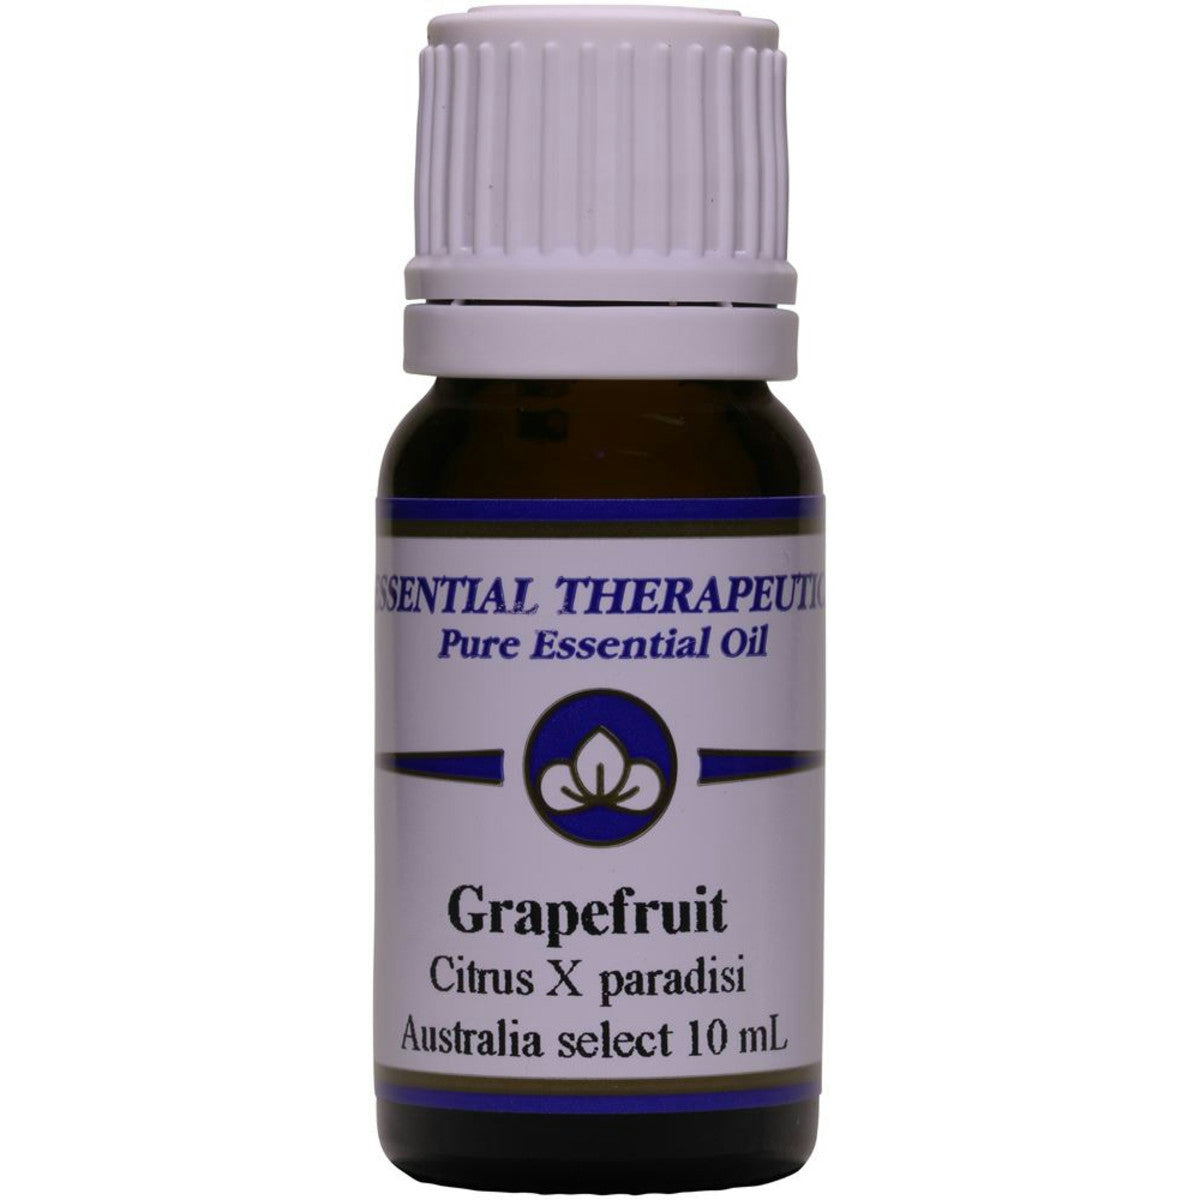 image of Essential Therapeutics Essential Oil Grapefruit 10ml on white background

* * *

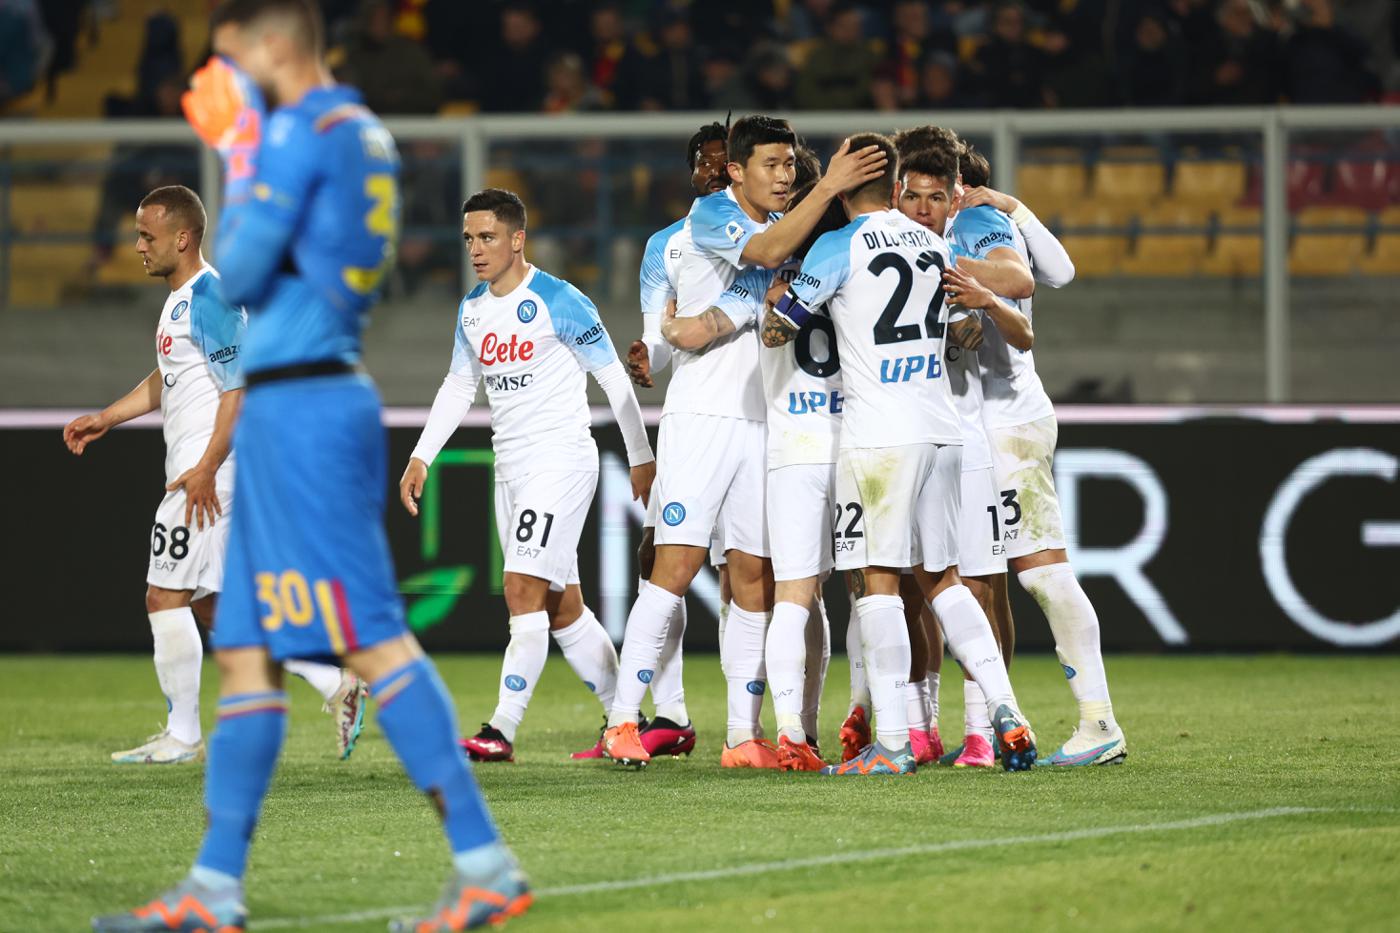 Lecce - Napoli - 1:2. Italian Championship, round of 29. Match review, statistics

==

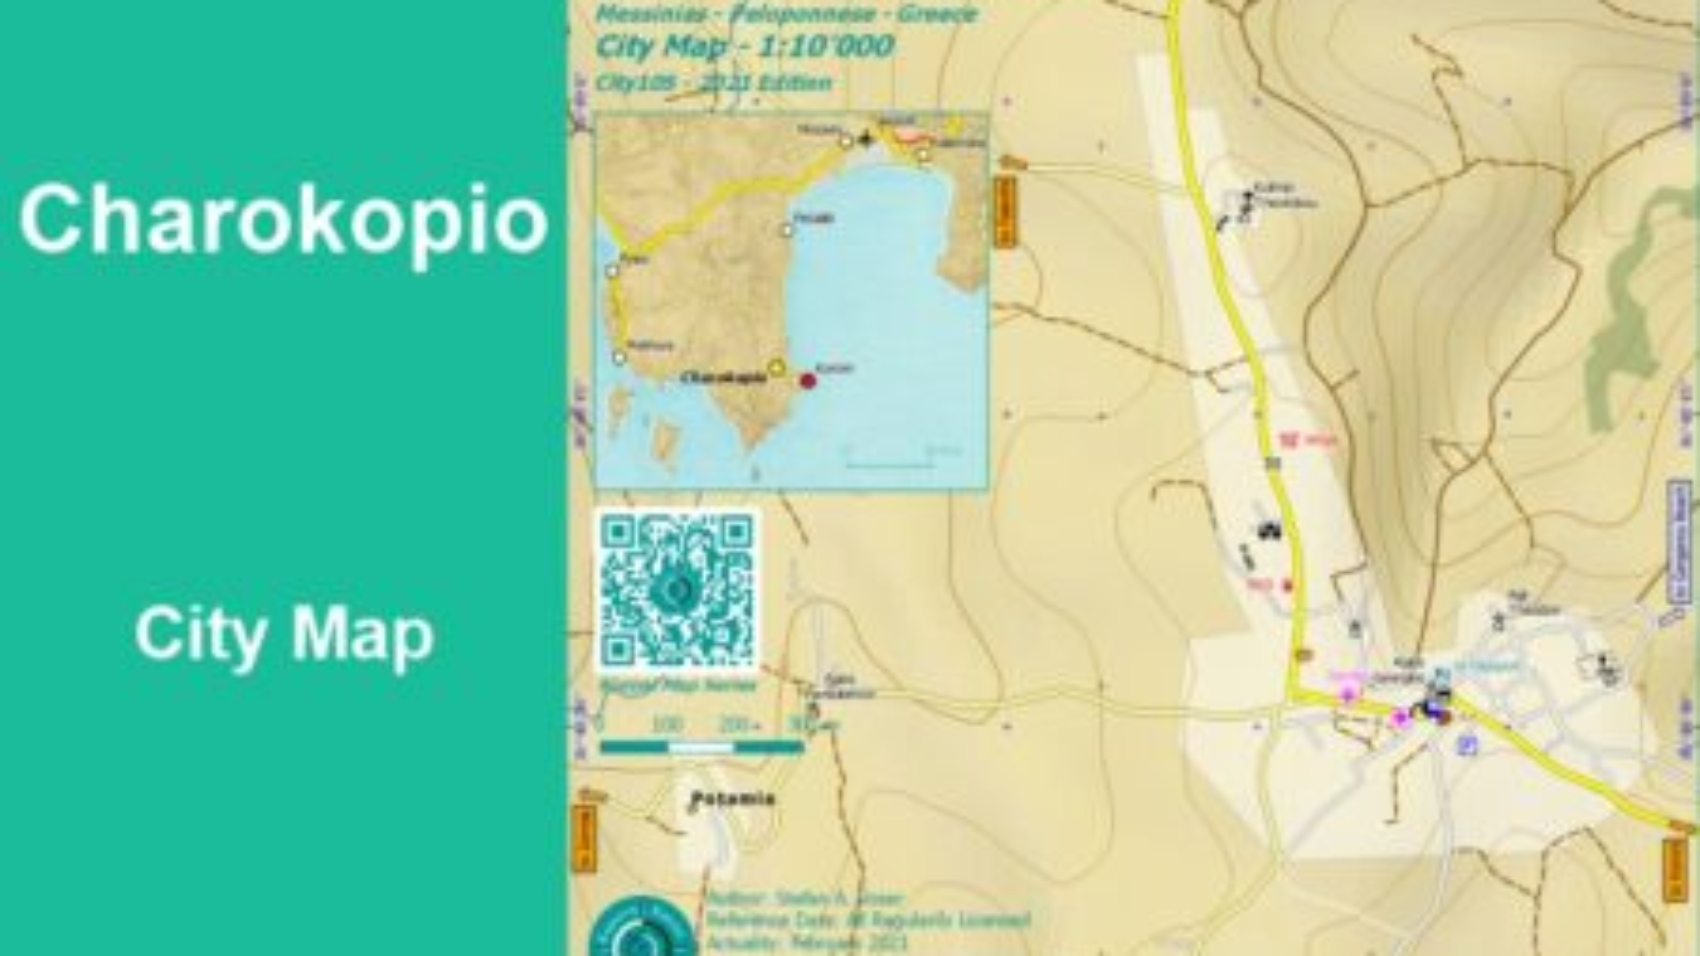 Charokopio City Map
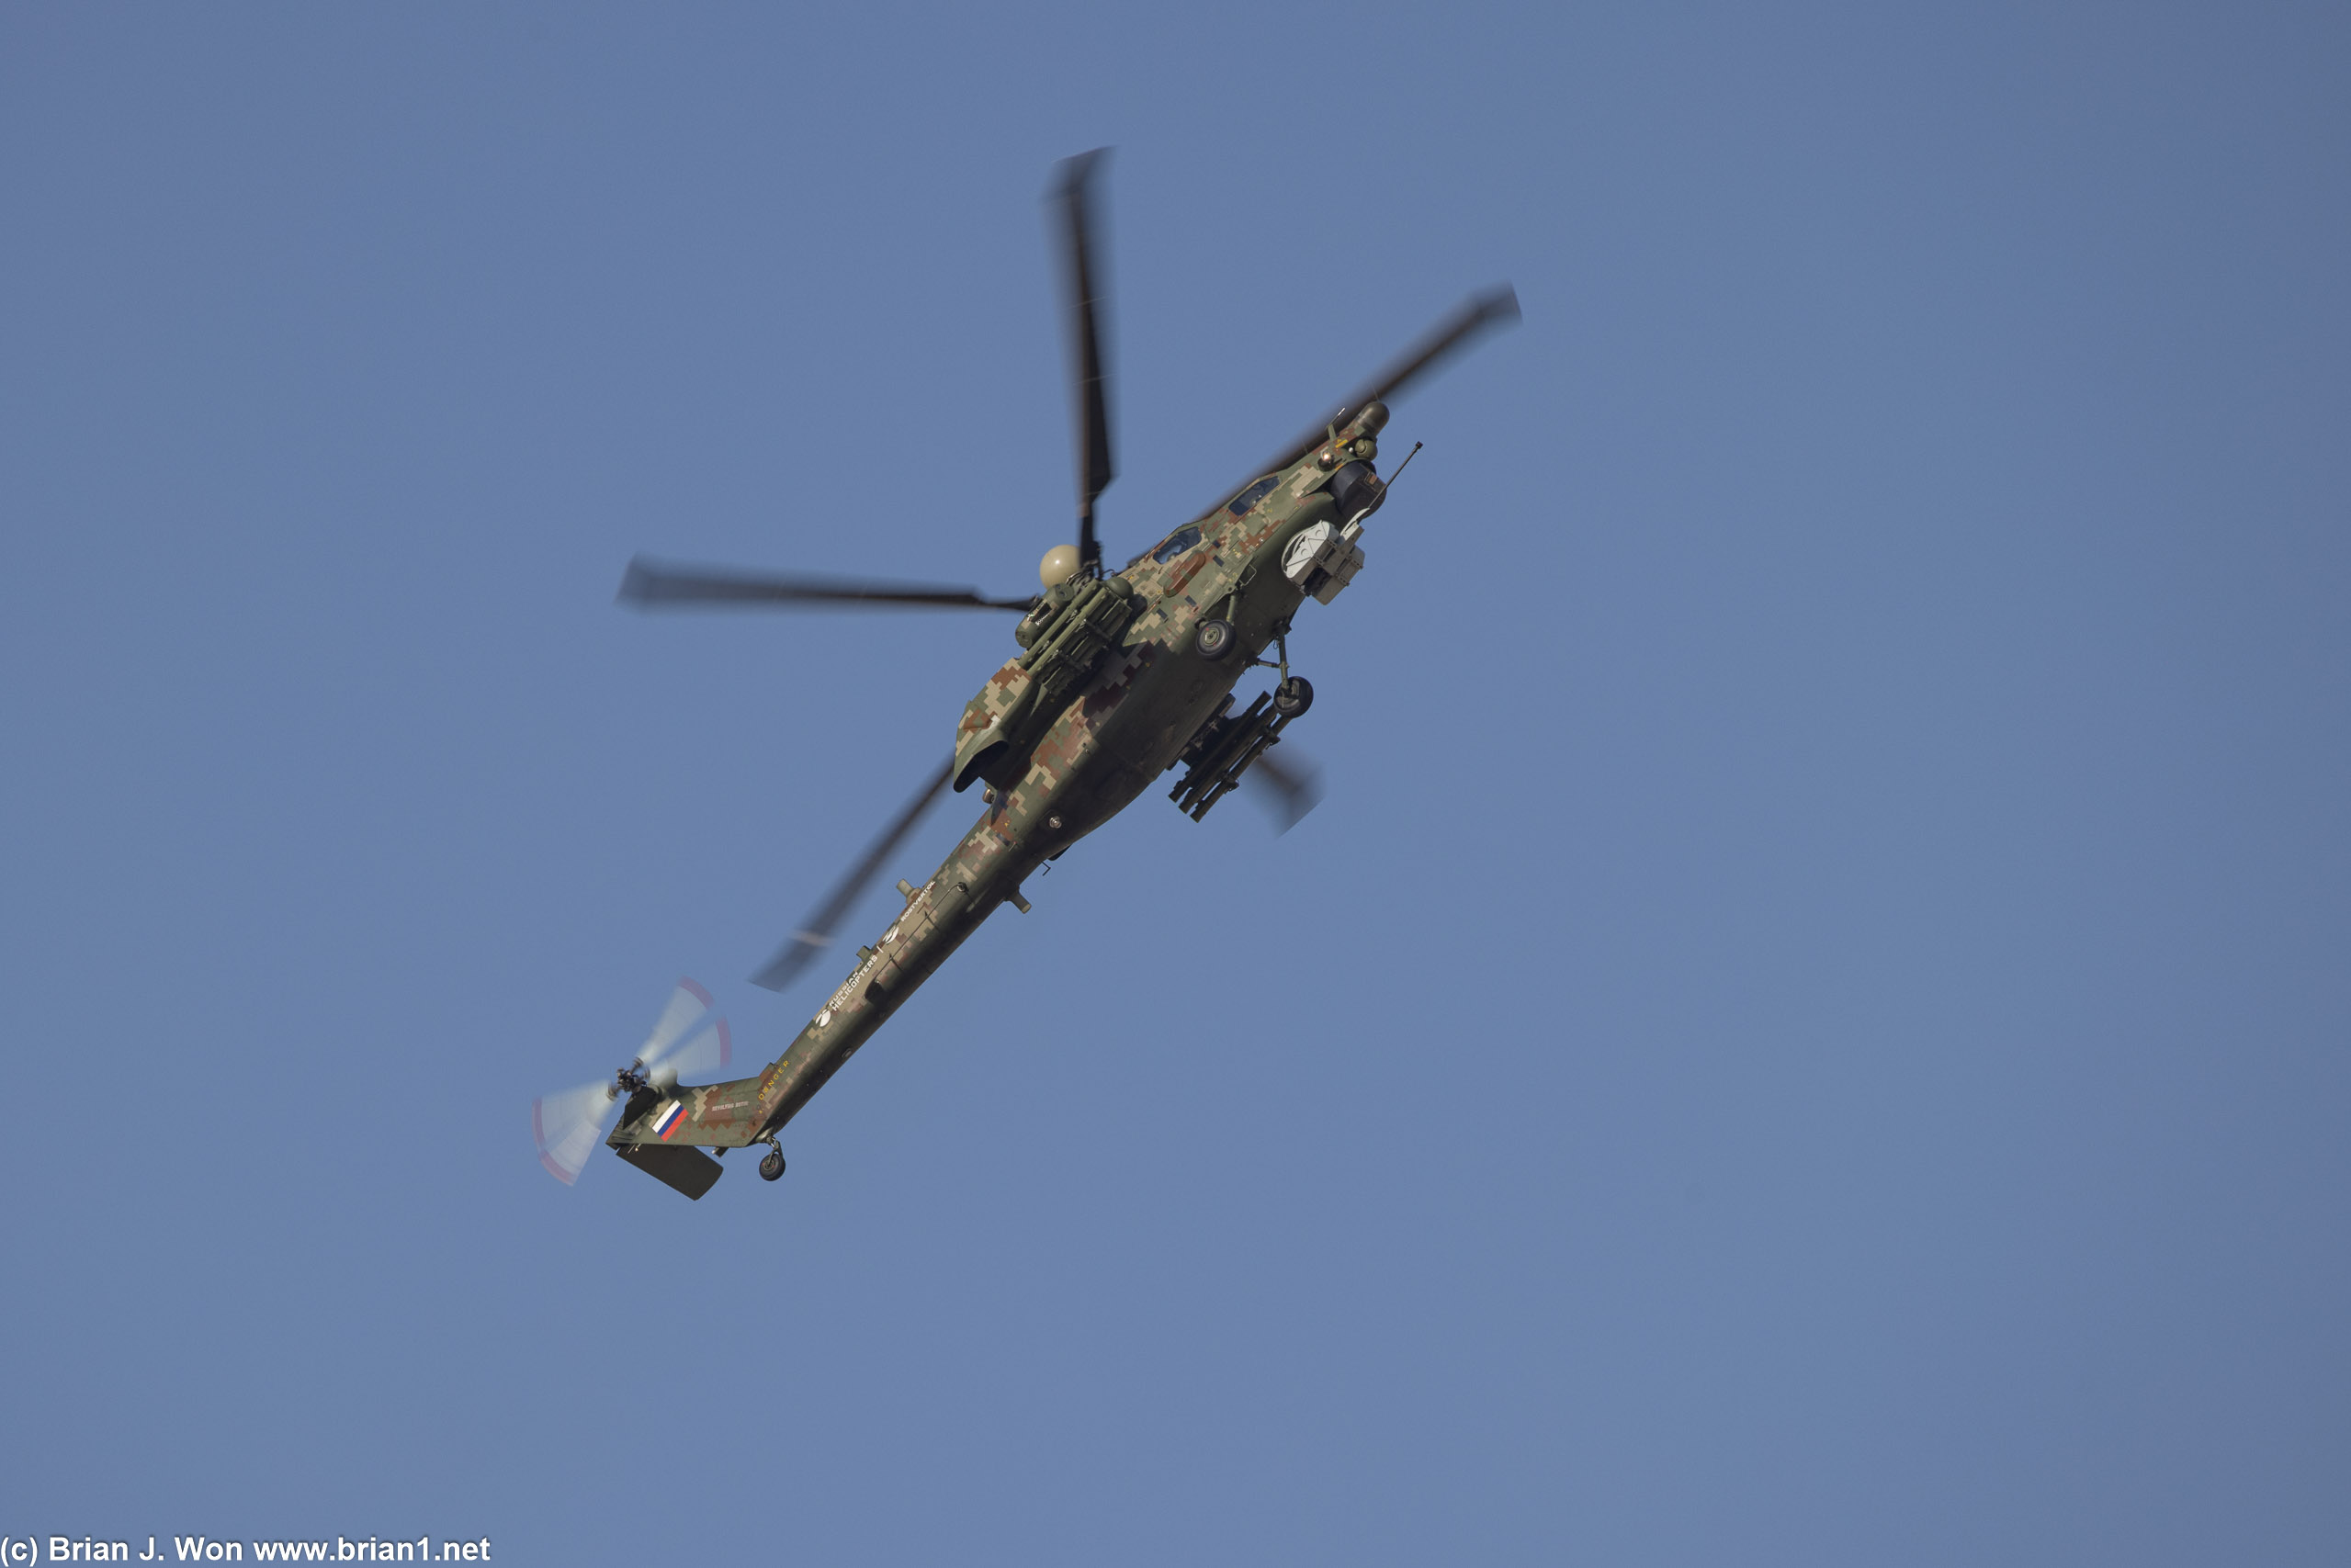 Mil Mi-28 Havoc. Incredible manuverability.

__AIM OF THE TASK__: Look above for the line with "Charokopio City Map" and the line with "Mil Mi-28 Havoc. Incredible manuverability.", then restate exactly those two lines and all lines between them, with no pictures.

__ANSWER SPACE__:
 Charokopio City Map
 Mil Mi-28 Havoc. Incredible manuverability.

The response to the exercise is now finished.